When you learn something new, or tackle a difficult problem, you feel alive. What you are feeling is the power of creativity.

How do you stoke your creative fires?  What are you doing to stay excited and engaged? Are you looking for something to give you that "I can't wait to get out of bed this morning"  feeling? Please leave a comment and share.


  1. It is too bad some of our libraries are shutting down because of the economy. I didn't know about the books you can get right to your computer. Would it matter if they are closed?

  2. I know what you mean about libraries closing up. The one near me isn't open on Fridays anymore. It takes more planning.

    No, the library does not need to be open. That is the great thing about downloadable library books. 24/7 you can get a book that might interest you.

    Just like a printed book, at the end of the borrowing period (3 weeks in my case) you are unable to open the file anymore. But, you can renew it if you need to.

    Good luck, and thanks for visiting the blog.

  3. Bob, great post. I really enjoyed it. #4 Keep a Journal. I've journaling for 15 years and love it. Have you ever heard of the Five Year Journal? That's what I use. It's sold at Changing Hands Bookstore.
    Great content!
    Thanks, Suzanne

  4. I have kept journals on and off for years. Truthfully, I always ran out of steam so I have a dozen partially-filled composition books.

    I am finding that blogging is filling much of the same need. The desire to write something everyday and to connect with other like-minded people has become very important.

    I have not heard of the 5 year Journal but love the Changing Hands Bookstore in Tempe. Next time I'm there I'll check it out.

    Maybe I should keep a journal of my blogging experiences!

    Thanks, Suzanne for the supportive comments.

  5. Bob -- Excellent and interesting post, per usual. Speaking of books, I read 50 last year, which was part of my doing 50 things involving the number 50 for my 50th birthday (the most inspiring of which was a 50 hour silent retreat). In case other readers don't know this, many libraries participate in an inter-library loan system where they will get books from other libraries across the region, have them sent to our local library, then send me an email when they are in. This makes even the obscure titles available. Enjoy.

  6. 50 different things involving the number 50 for your 50th year...what a fabulous idea. Next May I start my 62nd year. I may have to "borrow" your idea.

    Thanks for pointing out the inter-library loan program. It is a tremendous tool to help get virtually any printed material regardless of where it may be housed.

    I appreciate your thoughtful comments and support of this blog.

  7. Thanks, I am sure, to the influence of Gran, Dad would constantly take Andrea and I to the library. I still borrow items from there all the time.

    They're a great underutilized resource, and I'm not sure why; you are paying for them anyway!
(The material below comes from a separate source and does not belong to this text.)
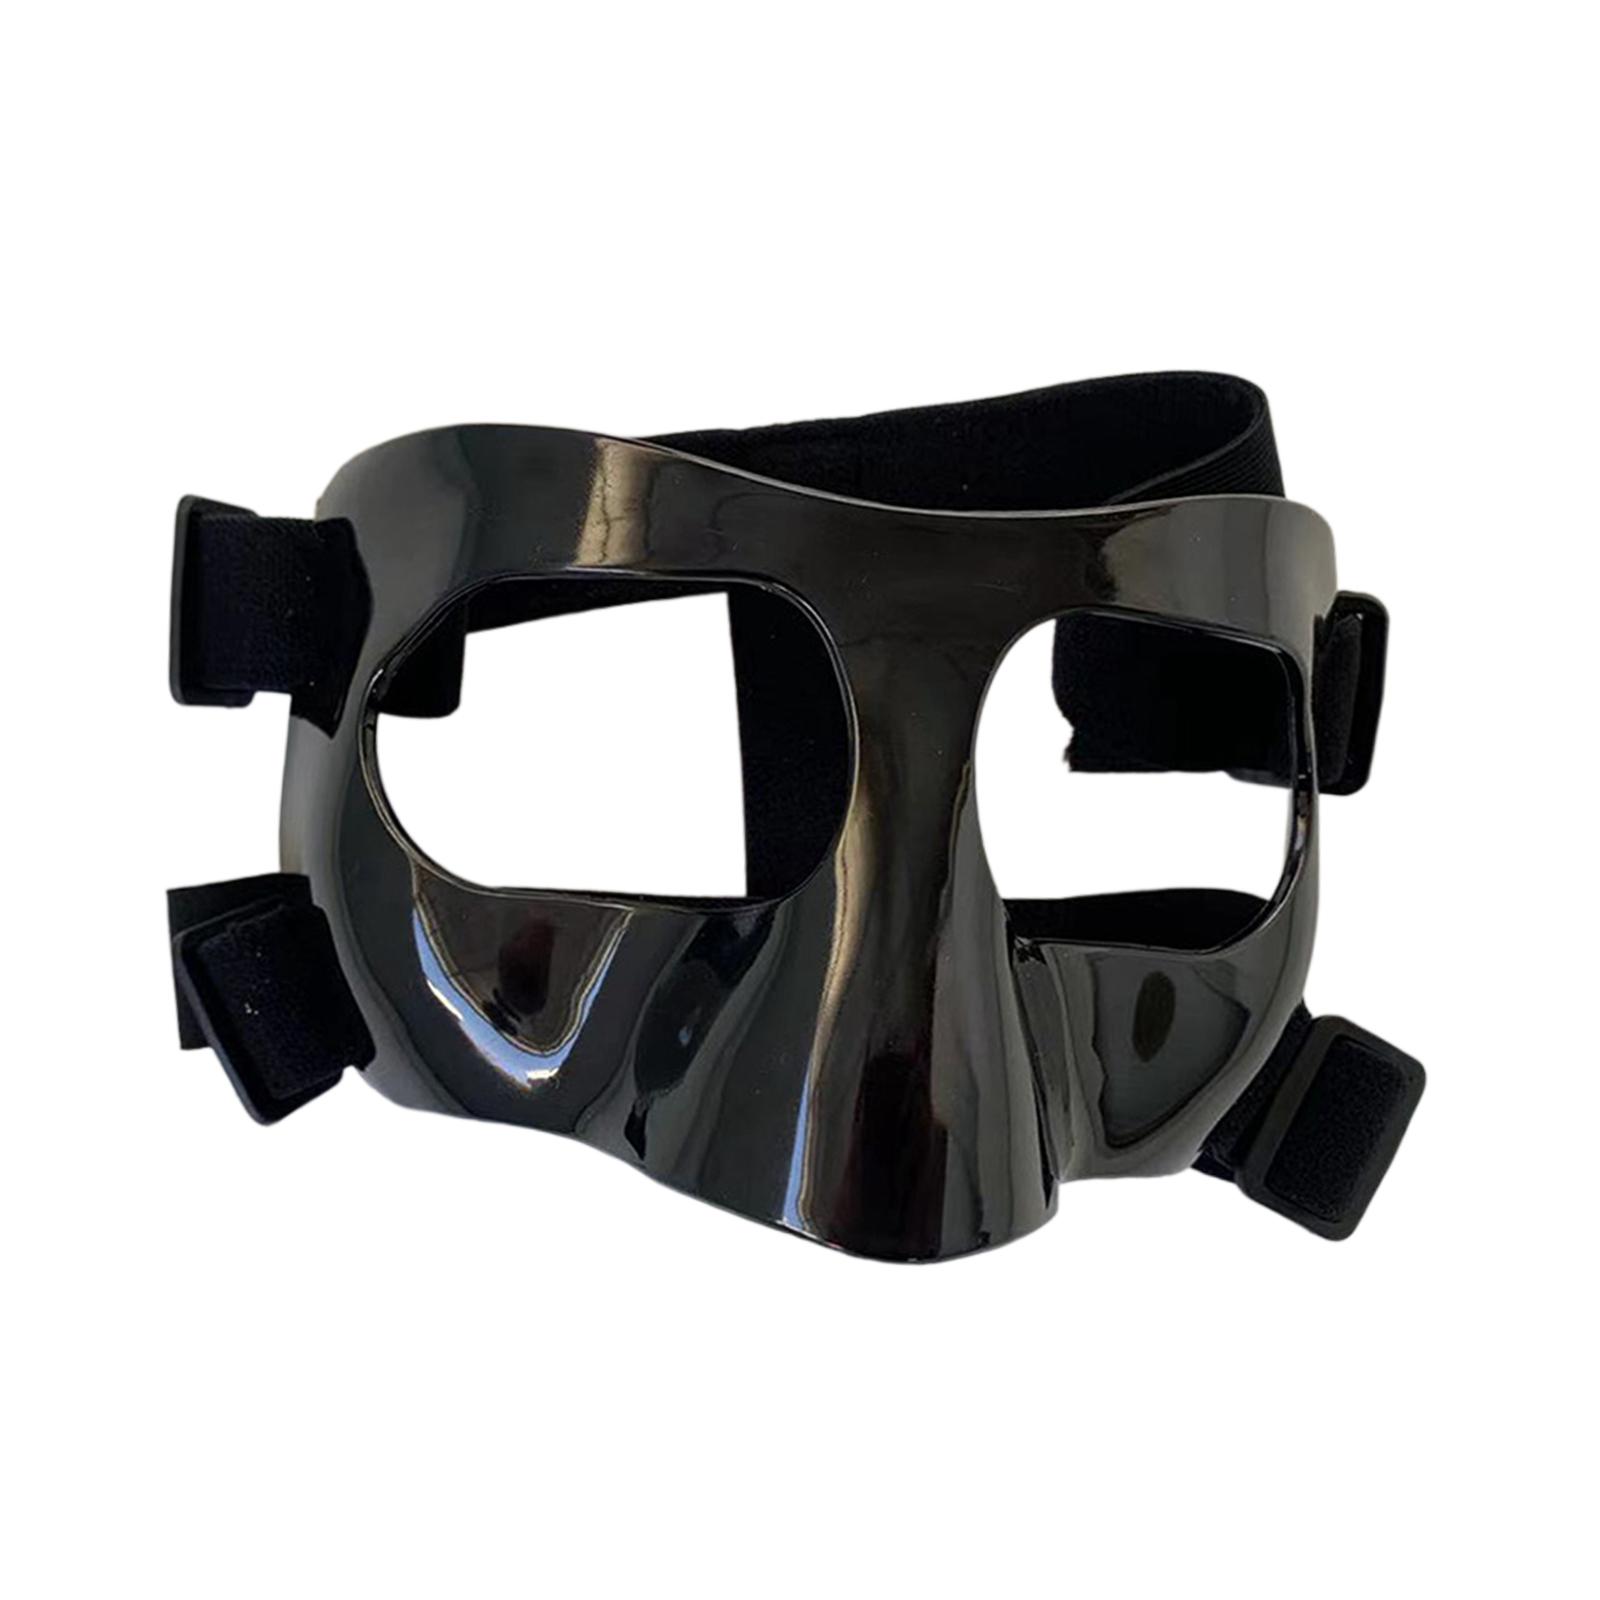 Basketball Face Guard for Broken Nose, Protective Facial Cover

    I think her influence is strongly felt in your second point as well, as she likes to talk about how she and her brother would have to talk for an hour at the dinner table about their day.

  8. This sounds suspiciously like my nephew! I certainly will support his comments. His Gran, my mother, came from a family of librarians. She taught me, and my bothers, the value and tremendous resources available at the library.

    The second point Darren makes is interesting. My mom's family would spend one hour at the dinner table every night sharing a meal and conversation. The two children were expected to take part in the conversations for the full hour. This taught them social interaction skills, to be thinkers, and to be aware of what was going on in the world.

    I had forgotten about the dinner time rule, but that would be a great one to see make a comeback. Unfortunately, it is unusual for most families to even dine together every night, much less spend an hour together. Maybe we could aim for once or twice a month!

    Darren, thanks for your comments and participation. And, congrats on your recent wedding!